Чем дальше от людных улиц они уходили, тем темнее становилось, хотя везде горели фонари, и Мин только теперь оценила присутствие Кэла.
– А почему именно вас приглашают учить людей?
– У нас индивидуальное обучение по адаптированным программам, – объяснил Кэл. – Мы даем стопроцентную гарантию успеха и всегда добиваемся результата.
– Похоже на рекламу.
– Но это чистая правда.
– И как вы добиваетесь результата? – поинтересовалась Мин. – Очаровываете людей?
– А если и так, что в этом плохого?
– Обаяние редко сочетается с честностью, – ответила Мин.
Кэл вздохнул.
– Многие боятся учебы и потому замыкаются. Таких мы выявляем с самого начала. Люди пытаются преодолеть свой страх и делают это по-разному. Некоторые очень скованны, этих мы направляем к Роджеру.
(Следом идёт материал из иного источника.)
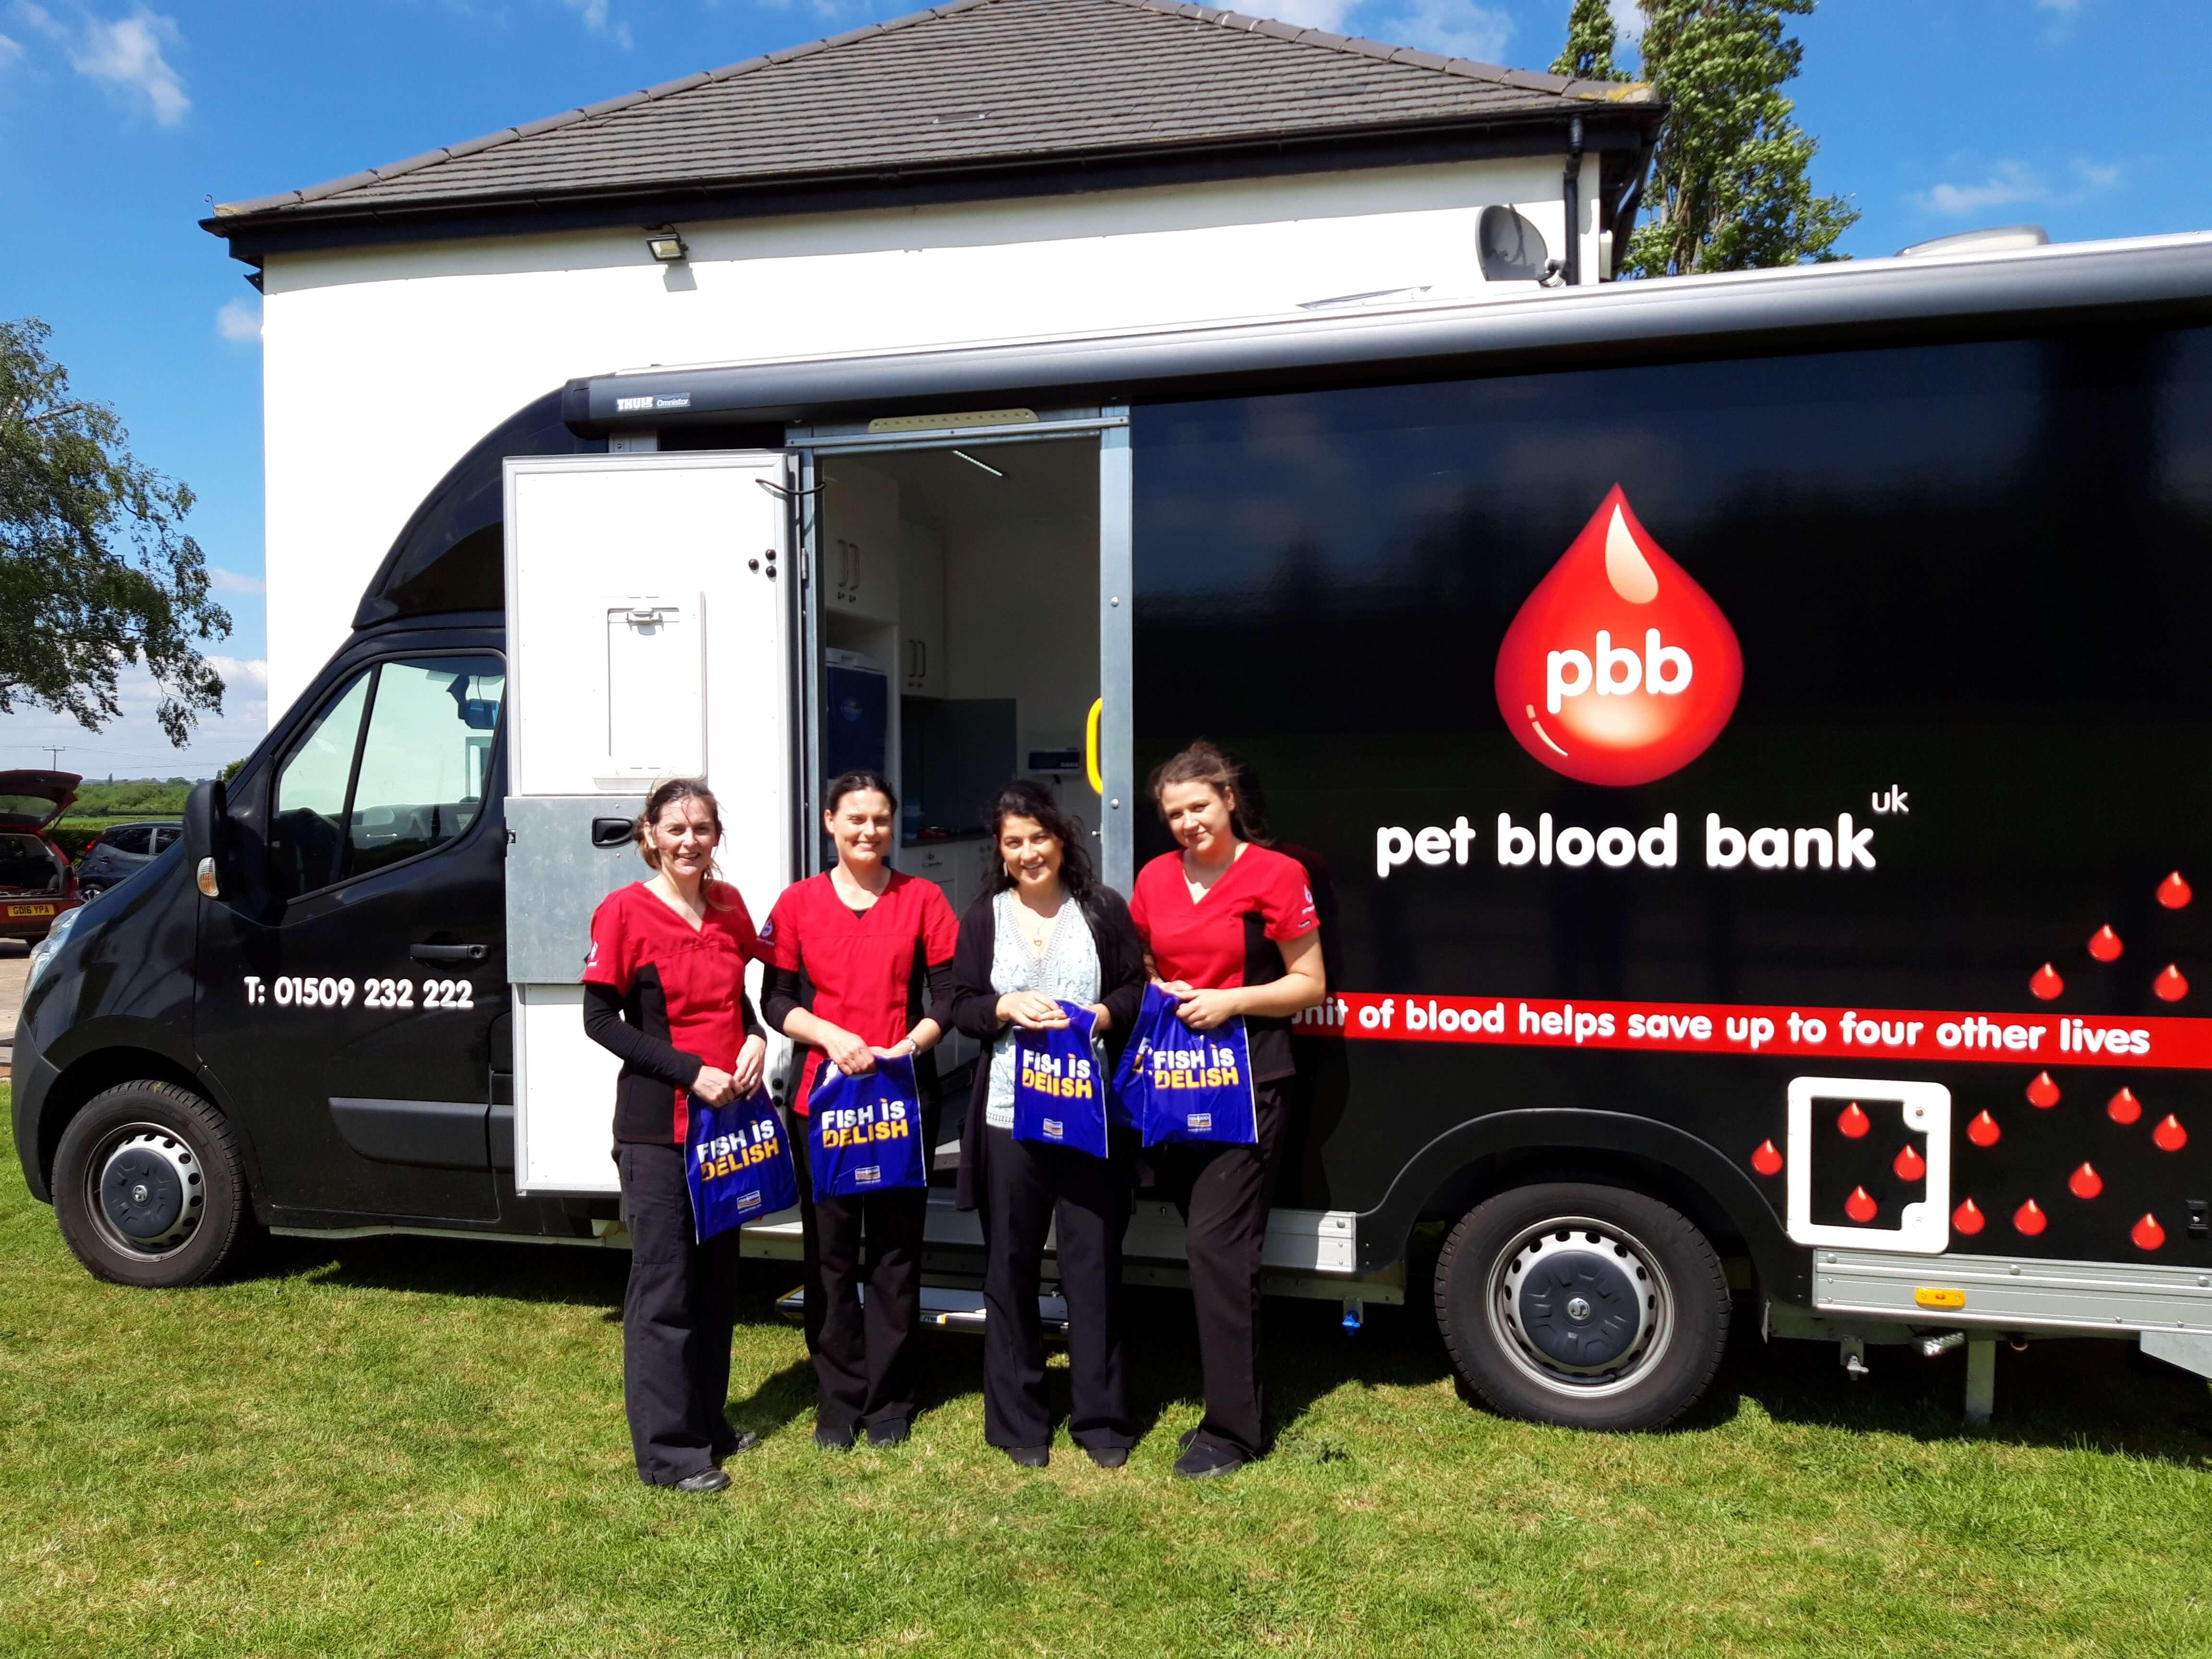 Pet blood bank mobile unit

Он мягкий, деликатный человек и способен уговорить любого изучать что угодно.
– Это даже пугает. – Мин попыталась представить Роджера милейшим преподавателем.
– Вы очень подозрительны, – заметил Кэл и продолжал: – Чтобы спрятать свой страх, некоторые начинают острить, привлекая внимание остальных и нарушая рабочую обстановку. Таких берет к себе Тони. Он шутит и смеется вместе с ними, пока все не почувствуют себя свободно.
– А вам кто достается? – полюбопытствовала Мин.
– А я работаю с озлобленными, – ответил Кэл, – с теми, кто злится на свой страх.
– И вы своими чарами выводите их из этого состояния, – заключила Мин.
– В общем и целом.
«Вот как – с озлобленными». Они шагали молча, и звуки их шагов сливались.
– Увидев меня, вы, наверное, почувствовали себя как рыба в воде. – Мин посмотрела на него.
– Нет, ваш случай другой. Вы озлоблены не потому, что испуганы. Причина другая – вам кто-то напакостил. И никакие чары не выведут вас из этого состояния, пока вы не решите более глубокие проблемы.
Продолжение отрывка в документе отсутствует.